Comment author: Elo 07 October 2015 03:28:39AM *  0 points [-]

How do we improve this?

Edit: wait - I support the show of approval too. I disagree with the disapproval but I support someone's ability to voice their opinion.

Comment author: Dagon 11 October 2015 06:23:03PM 2 points [-]

I don't support this ban, but I have to admit I'm more of a naturalist than a cultivator when it comes to gardens: weeds are plants too, right?

If there's significant evidence of karma fraud (even if that evidence isn't shared), that's a good reason. If it's just "annoying posts that don't get downvoted enough for our tastes", that's pretty weak.

Comment author: CellBioGuy 16 October 2015 02:46:13AM 0 points [-]

I've seen quite a bit of evidence of karma fraud on their part.

Comment author: philh 06 October 2015 03:12:03PM 5 points [-]

I approve.

Comment author: VoiceOfRa 12 October 2015 10:20:36PM 6 points [-]

I've found that I can tolerate bigotry a lot better than I can tolerate bigoted policy proposals

What definition of "bigotry" are you using? The "standard definition" amounts to "applying Bayesian priors to people". So is discussion of the policy implications of Bayesian reasoning now punishable by banning without notice? Also since you admit that he didn't actually make the proposal but was "close to suggesting" it does that mean that even being "close to suggesting" implications of Bayesian reasoning for policy is bannable?

Note to Eliezer or any super-administrators reading this: I strongly suggest that in the interest of keeping LessWrong a place where people can discuss rationality without fear of suddenly being banned, NancyLebovitz's administrative privileges be revoked immediately.

Comment author: Good_Burning_Plastic 13 October 2015 08:03:49AM 1 point [-]

What definition of "bigotry" are you using? The "standard definition" amounts to "applying Bayesian priors to people".

Huh, no it doesn't.

suddenly being banned

Lots of people had expressed annoyance at advandcedatheist talking about the same topic over and over again. That's hardly "sudden". (OTOH I would have preferred him to be officially warned by a moderator before being banned.)

Comment author: VoiceOfRa 13 October 2015 08:11:20PM 4 points [-]

Ok, looking at the first result we get:

In English the word "bigot" refers to a person whose habitual state of mind includes an obstinate, irrational, or unfair intolerance of ideas, opinions, or beliefs that differ from their own, and intolerance of the people who hold them.

Which was the standard meaning of "bigotry" a century ago.
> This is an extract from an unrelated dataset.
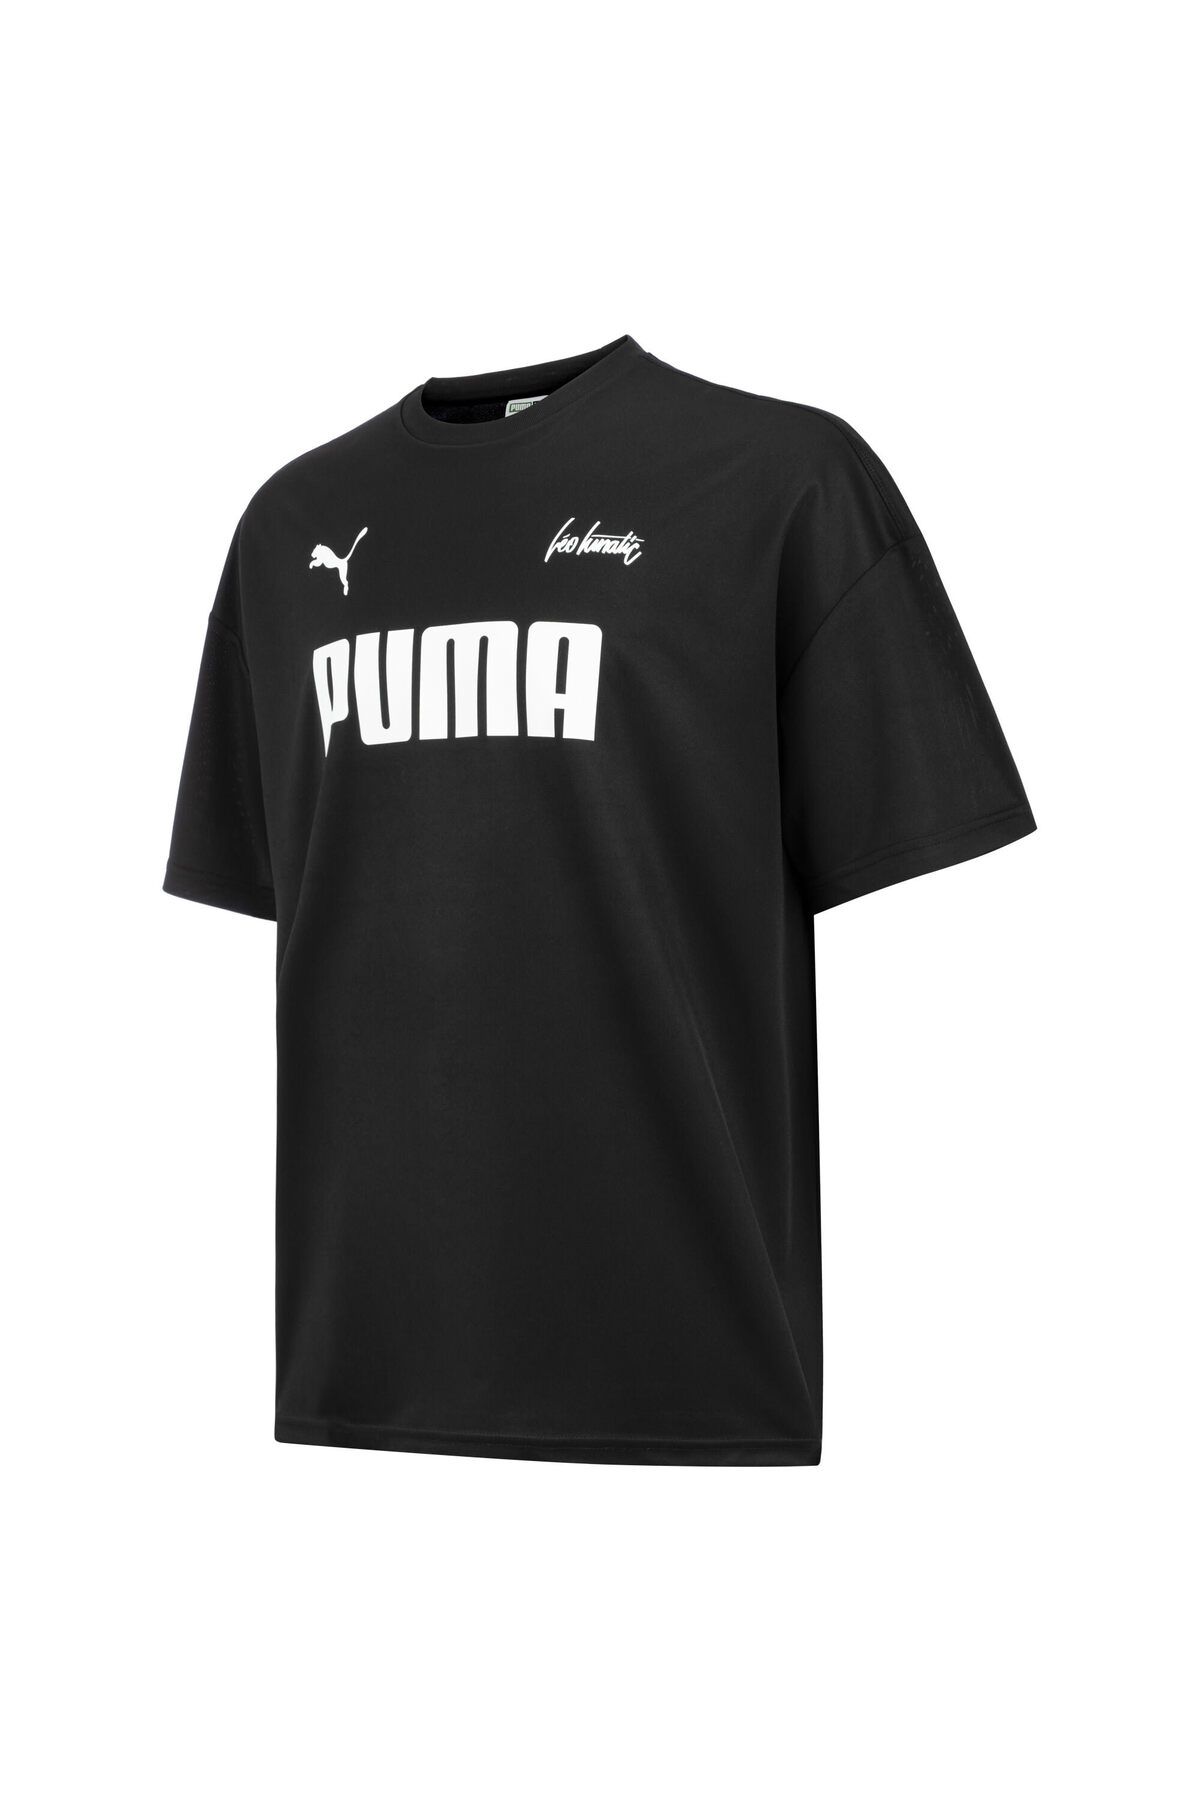 Puma İSTANBUL COLLECTION OTTOMAN OVERSIZE Forma

Ok, let's apply this definition to the current situation: it would appear that NancyLebowitz is more guilty of bigotry then AA. Does that mean she should be banned?
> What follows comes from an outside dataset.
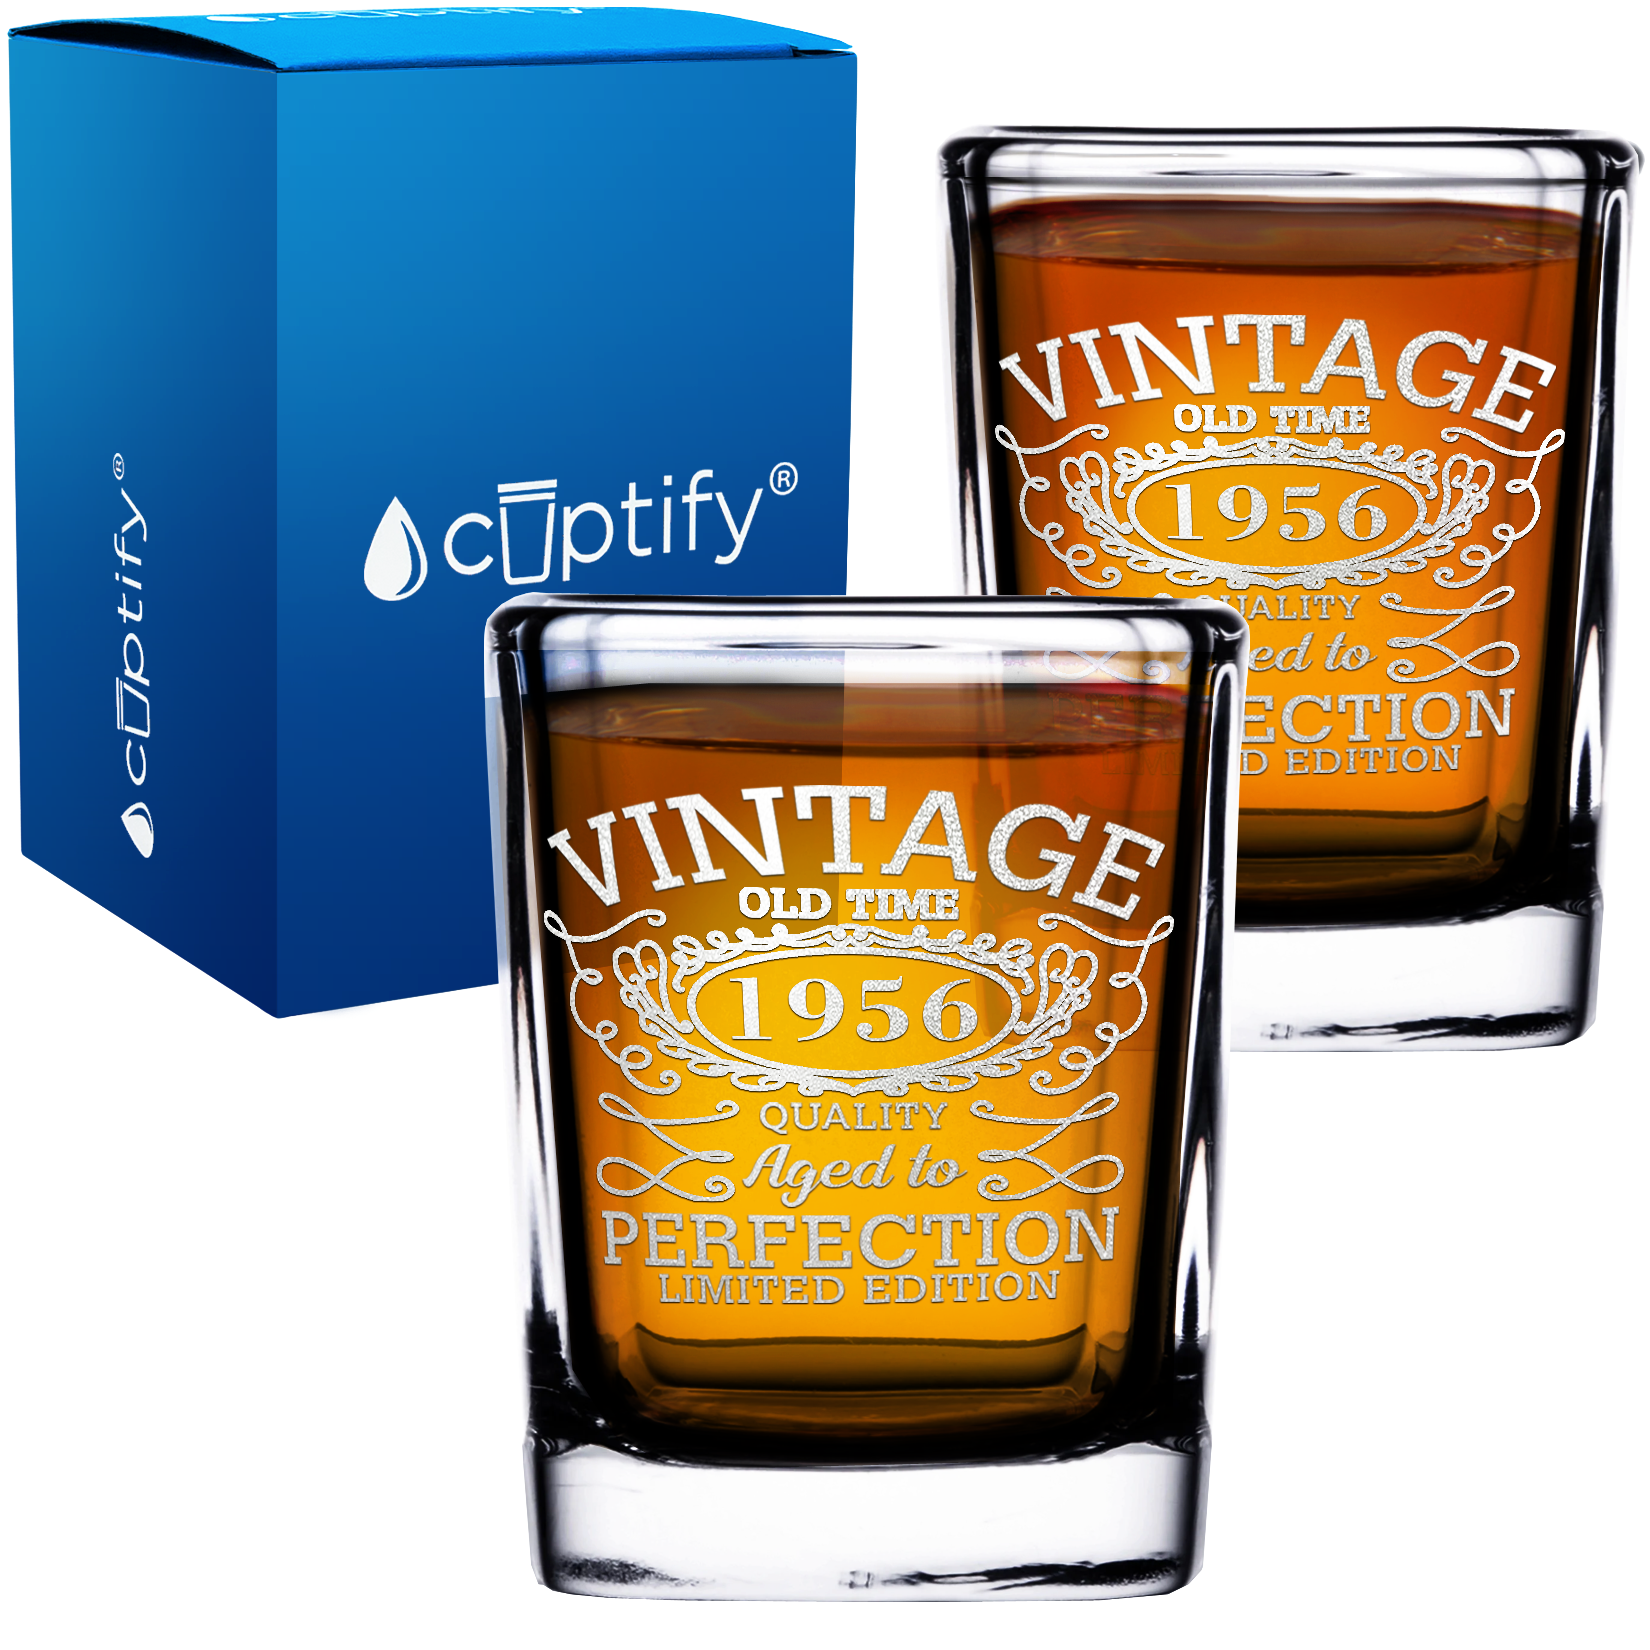 66th Birthday Vintage 66 Years Old Time 1956 Quality 2oz Square Shot Glasses - Set of 2

Comment author: Good_Burning_Plastic 14 October 2015 07:55:29AM *  2 points [-]

Again, ISTM NancyLebovitz (and other LW readers in general) are less intolerant of AA's ideas themselves than of his continuing to post them over and over again after people have made abundantly clear they're not interested in reading them for the zillionth time, so a response to an extraordinary situation and not a "habitual" state of mind. And AA does seem intolerant of the idea of women's sexual freedom.

That said, I'll tap out now.

Comment author: Jiro 14 October 2015 02:33:57PM *  3 points [-]
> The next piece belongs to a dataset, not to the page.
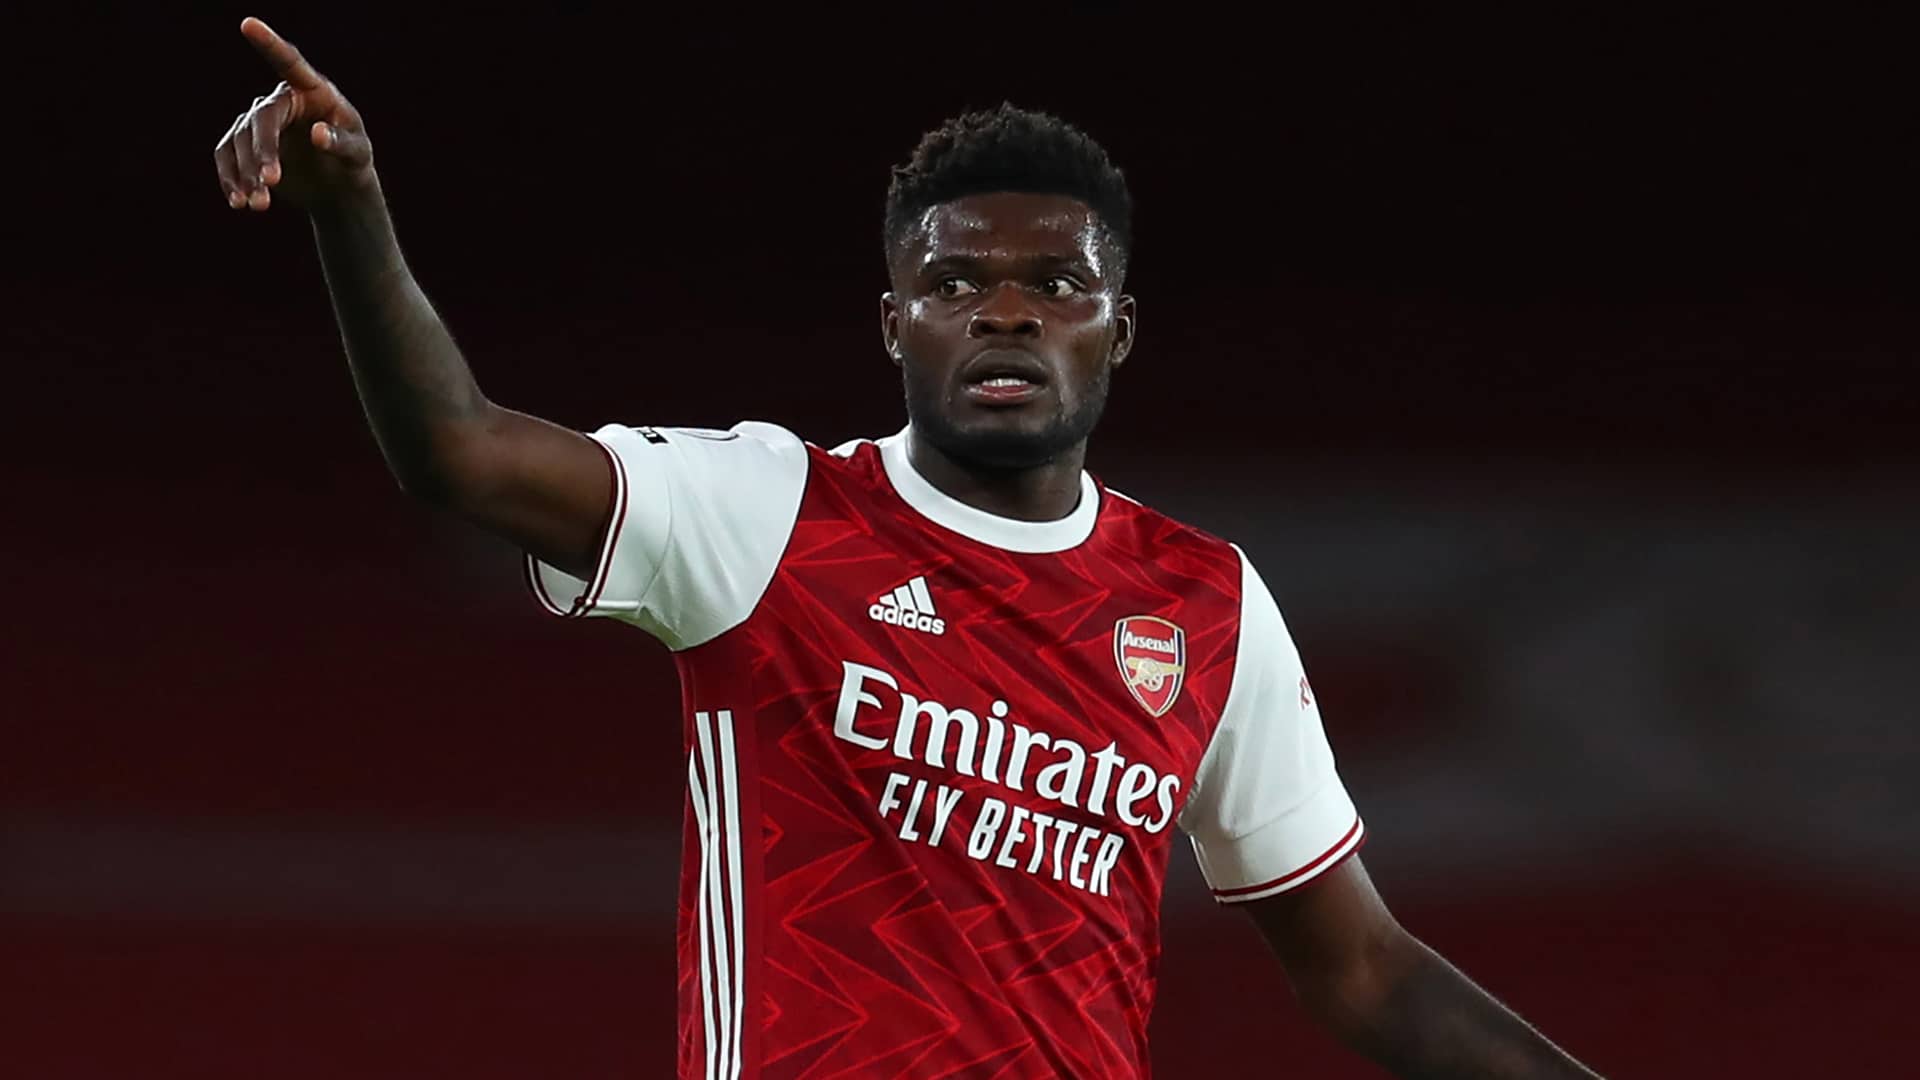 Ghana FA asks Arsenal to release Thomas Partey for further observation by medical team

Again, ISTM NancyLebovitz (and other LW readers in general) are less intolerant of AA's ideas themselves than of his continuing to post them over and over again after people have made abundantly clear they're not interested in reading them for the zillionth time

Then Nancy should ban him based on his habit of repetitively posting, rather than what she actually banned him for, which is for "bigoted policy proposals" (and worse yet, for just almost making bigoted policy proposals). Banning him for that makes it much more dangerous for me to support limits on immigration, say almost anything concrete about how to use IQ tests that falls on the wrong side, connect vegetarianism to abortion, give many answers to the trolley problem, or otherwise speak about a lot of topics that turn up in discussions that have nothing to do with AA.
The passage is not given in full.